Additionally, he replied with an attached PDF that fully outlines my township's guidelines for finished basements. At the very beginning of the document was this:



> As per Pennsylvania Uniform Construction Code, building permits are not required for non-structural based alterations. It is the owner’s and contractor’s responsibility to assure code compliance of a nonstructural based alteration.
> 
> Finished basements must be constructed in strict conformance with these details and the 2006 International Residential Code (IRC). For requirements, details and information not contained herein, you must consult the IRC.


----------



## Scuba_Dave

Missy hasn't been back to the site since the 14th 

Question, what about dormers with knee walls?
I was under the impression that a certain % must be at "x" height
Of course that doesn't matter if the entire ceiling is too low


----------



## jpsmith

She may be lurking, plus I figured it would be good to post my experience for posterity. I mean, I found this site by web-searching similar questions.
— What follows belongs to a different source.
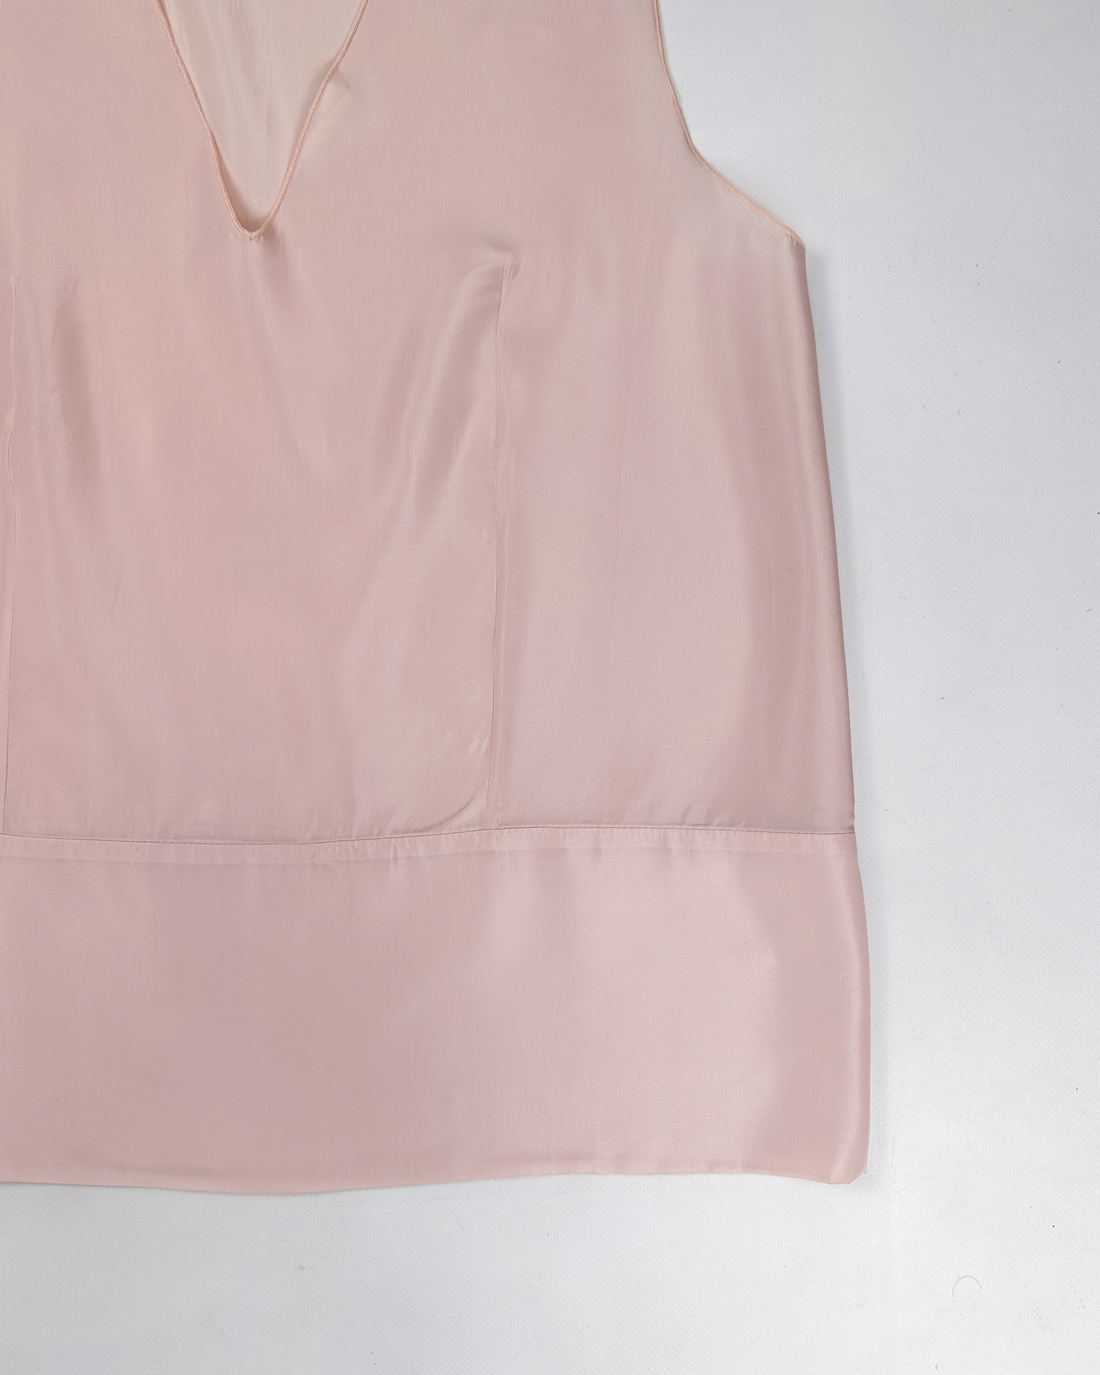 Marni Light Pink Sleeveless Silk Top 2000's

I've heard the "certain percentage" rule for ceiling height, too, but it's not mentioned in my township's basement details PDF. It simply says, "Basement ceiling heights shall not be less than 7'-0". Structural members spaced at 4'-0" or more may project a maximum of 6" below the required ceiling height."


----------



## gbwillner

I have a similar question and problem as the original poster. I want to finish my basement, where I have sloped floors (the house was built in 1903). Near the center of the room, the floor-joist height is about 7'3". However, near the exterior walls, it is more like 6'6". Do I call the ceiling height, which must be 7', an average of each living space? Do I just use the minimum height, which is really only in a small area?
Furthermore, if I do get a variance (I want to build another bedroom since I have a secondary door to the yard), what do I have to do to call this "living space" when I sell the house?

Thanks!


----------